In the current season of the AMC hit series “Mad Men,” protagonist Don Draper heads to a Rolling Stones concert in an attempt to use one of their songs in a commercial. While Draper’s fictional foray to license “Time Is on My Side” is unsuccessful, hits from the Stones’ repertoire have indeed successfully made their way into famous ads. The standout might be Microsoft using “Start Me Up” to introduce Windows 95. With the world’s increased focus on natural gas, we may soon see the likes of Boone Pickens embracing the refrain of “Jumping Jack Flash” (It’s a gas, gas, gas!).
The world economy and the transportation industry have grown together through cheap and plentiful oil. After World War II, the U.S. transportation system was built around cars, truck and airplanes. Infrastructure and population trends changed accordingly.
The ascendance of the truck was complete in the early 1980s when deregulation enabled advanced truckload companies to become the preferred transportation mode in a just-in-time logistics model. At the same time, railroads developed sophisticated operating and commercial methodologies to handle ever-increasing amounts of coal for export and utilities.
Globalization was the other driver. Distance wasn’t a barrier, as low-cost labor and raw materials were utilized wherever manufactured goods could be produced at the lowest cost. Ocean shipping and air cargo networks developed to support these trends. As the cost of oil increased, however, many modes came under severe profitability pressure. Not only was oil a major cost of production, but the economic impact of “oil shocks” also depressed underlying consumer (and overall transportation) demand.

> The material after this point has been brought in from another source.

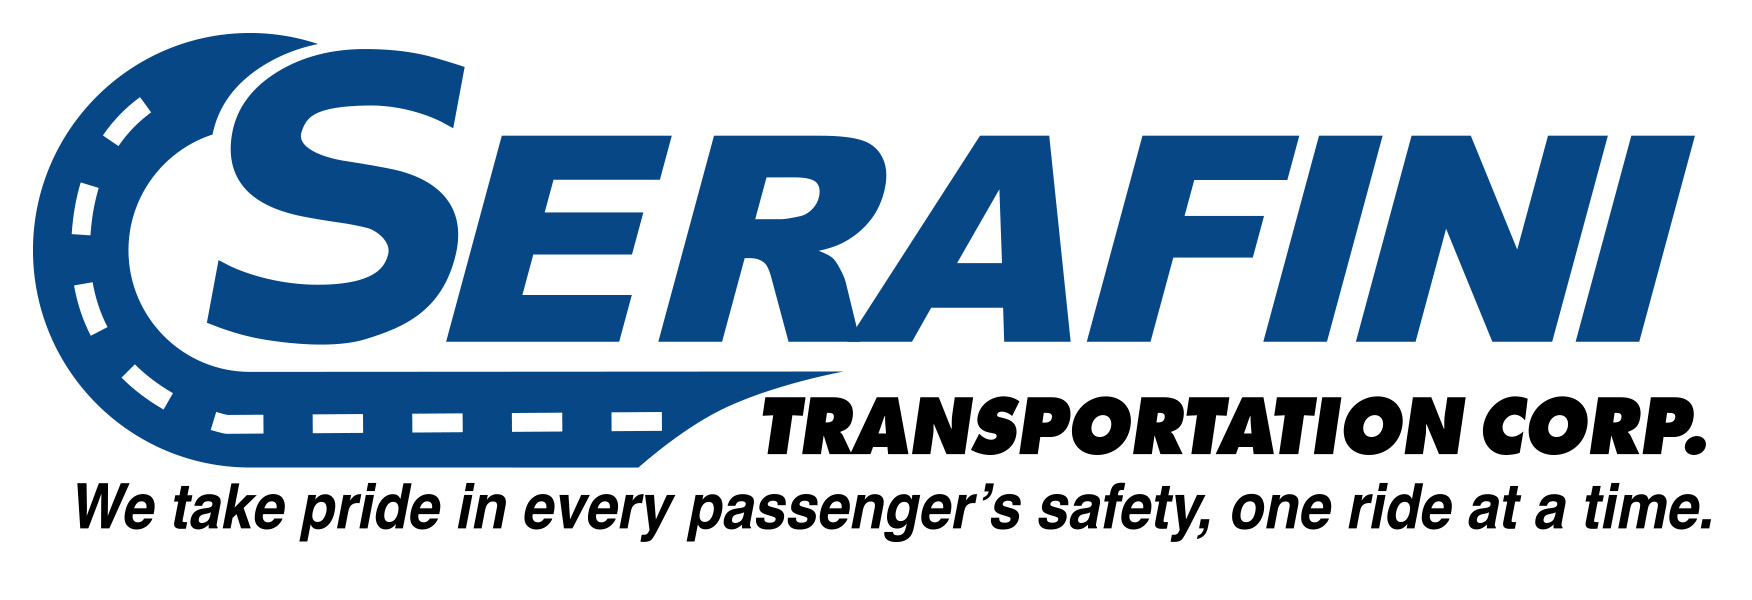 Serafini Transportation Corp.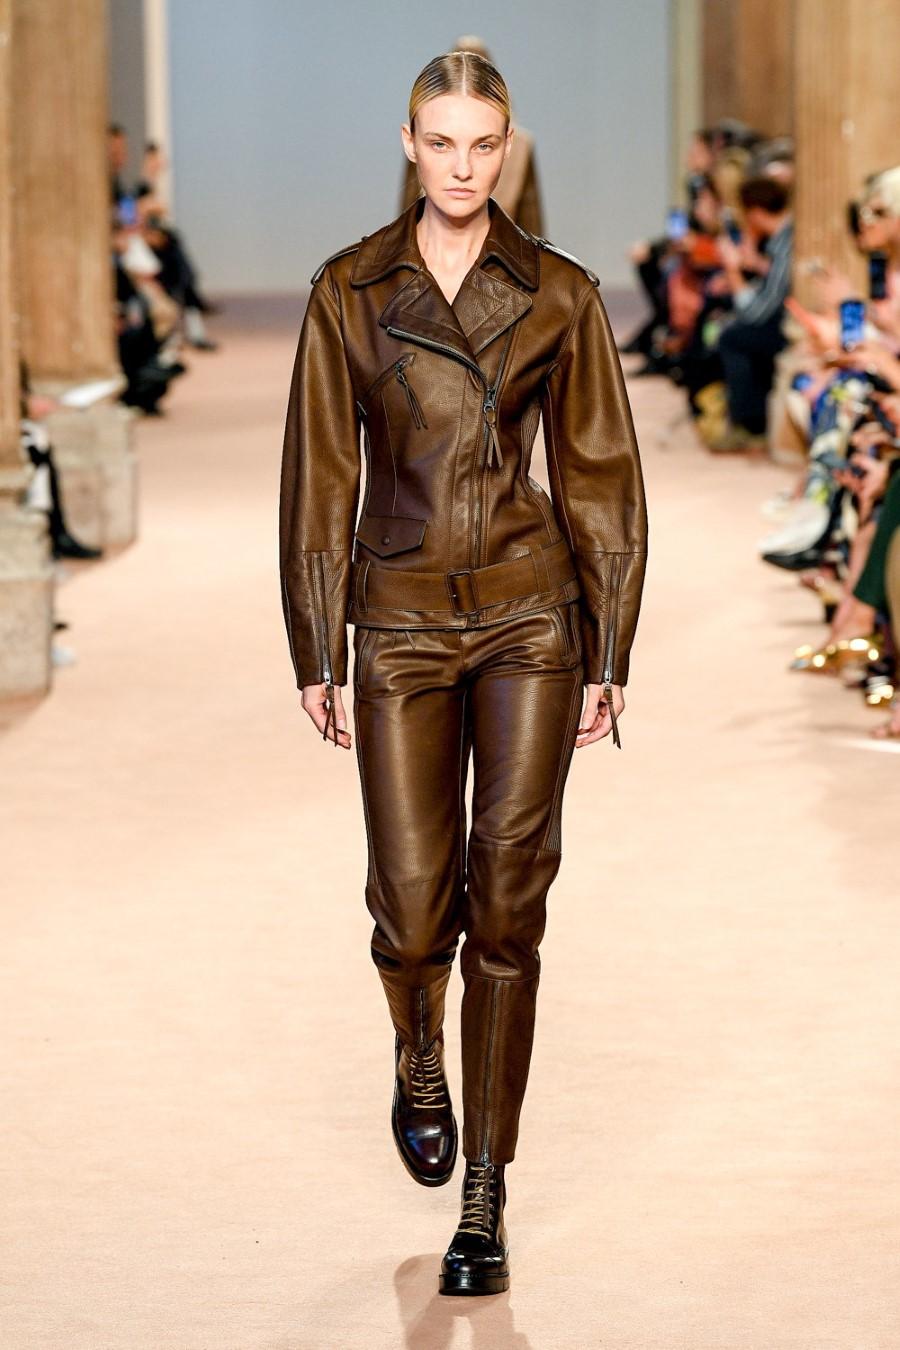 Salvatore Ferragamo - Fall Winter 2020 - Milan Fashion WeekSalvatore Ferragamo - Fall Winter 2020 - Milan Fashion Week

Participants throughout the supply chain responded. Retailers changed packaging and loading configurations to load more product in fewer vehicles. Delta Air Lines purchased an oil refinery to obviate the need for expensive strategies such as hedging.
Not only oil is under pressure. Coal, traditionally our nation’s most abundant resource, also is encountering economic and environmental pressures. The Environmental Protection Agency’s regulatory initiatives determine whether electric utilities generate power with coal. Now the abundance of domestic natural gas has provided a lower-cost hydrocarbon without most of the environmental degradation.
Although a large embedded base of electric utilities is burning coal, some experts believe they could be displaced quickly. A 2010 study by PFC Energy maintains there is sufficient latent generating capacity in existing gas-fired power plants to replace almost all coal-fired output.
Ironically, the coal industry may need the help of its traditional environmentalist enemies to survive. Should hydraulic fracturing (“fracking”) prove as harmful as some fear, the rosy forward-looking projections may go unrealized. Should cap and trade be resuscitated, coal also might become economically viable again.
Natural gas is more than just an electricity source. It’s also rapidly changing the transportation industry. Many trucking companies hope to replace diesel-powered tractors with natural gas. Historically, the two biggest obstacles have been the lack of a widespread fueling network and limited engine size. Both problems, however, are being overcome by the increasing demand created by the immense, available savings.
Future changes might be even more far-reaching. Whereas port facilities’ efforts to import LNG were held off by outbreaks of NIMBY-ism, there appears to be much less resistance to terminals being built for export. Ocean transportation of LNG is a profitable niche for a handful of carriers; with high barriers to entry, the financial benefits are more sustainable than other trades. (Many observers believe the three Japanese container lines have managed to stay in business the past 15 years solely because of LNG imports from Qatar. Non-Japanese lines have been excluded from this business.)
If railroad coal traffic continues to diminish, the landscape may change markedly. While other traffic segments are available, the billions of dollars invested to support Powder River coal aren’t redeployed easily. Some railroads are “doubling down” on carrying oil from the Bakken shale, but a tank car is a 20- to 40-year asset, and the demand for rail transportation is expected to diminish in five to 10 years as pipelines reach this new source.
Perhaps the biggest impact of natural gas may be accelerated on-shoring. As energy costs exceed labor costs in the manufacturing process, low-cost energy from natural gas may help resuscitate U.S. manufacturing. Even Mexico — with its high fuel costs — could be adversely affected.
Natural gas may indeed be our nation’s energy game-changer for this century. One thing is for certain: It’s already transforming what — and how — we move.